Seyyed Khamenei does not have governmental/non-governmental or formal position; moreover, his father (Ali Khamenei) has prohibited his son(s) from accepting governmental, or similar positions. According to Mehr News Agency, Masoud has the most attention out of Ali's sons in collecting the memoirs of his father and likewise in running the former Supreme Leader's activities related to his publications and preservation.

==Personal life==
===Family===

Khamenei holds the title of Hojjat ol-Eslam, and is the husband of Sadiq-Kharazi's sister; likewise, he is the son-in-law of Mohsen Kharazi (Tehran's representative in the assembly of experts).
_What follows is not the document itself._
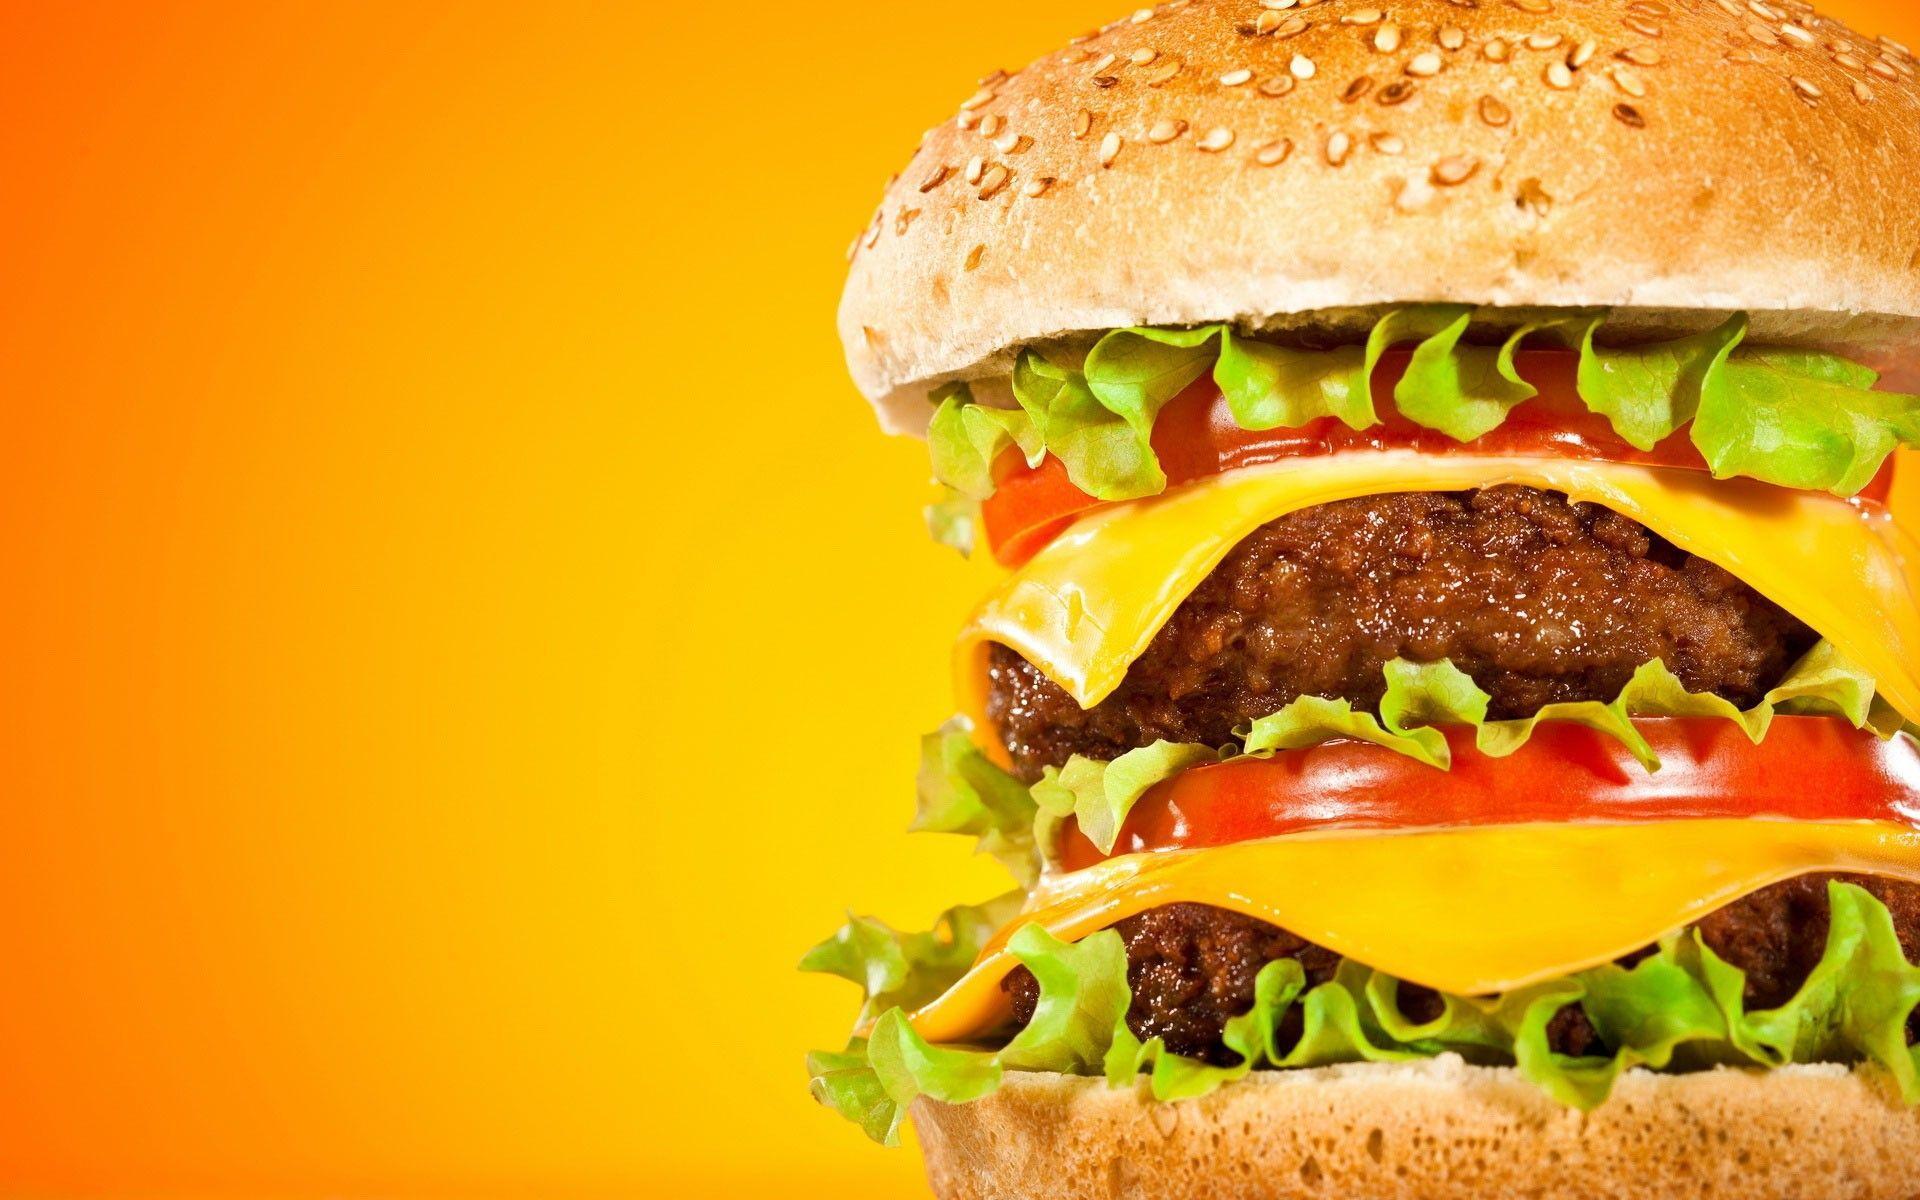 Big Mac Wallpapers - Top Free Big Mac Backgrounds ...

Khamenei's family are among the Iranian Sayyid families who are from Hosseini Sayyid, and their lineage is connected to the fourth Imam of Shia Islam, Ali ibn Husayn Zayn al-Abidin (Persian/Arabic: علی بن حسین، زین العابدین) (known as "Imam Sajjad"), according to "Khamenei family tree". Khamenei married the daughter of Mohsen Kharazi.

===Wealth===
Khamenei manages several of his family institutions. He reportedly holds over $400 million in banks in France and United Kingdom, with additional $100 million in Tehran, Iran. Khamenei also controls the sales of Renault vehicles in Iran.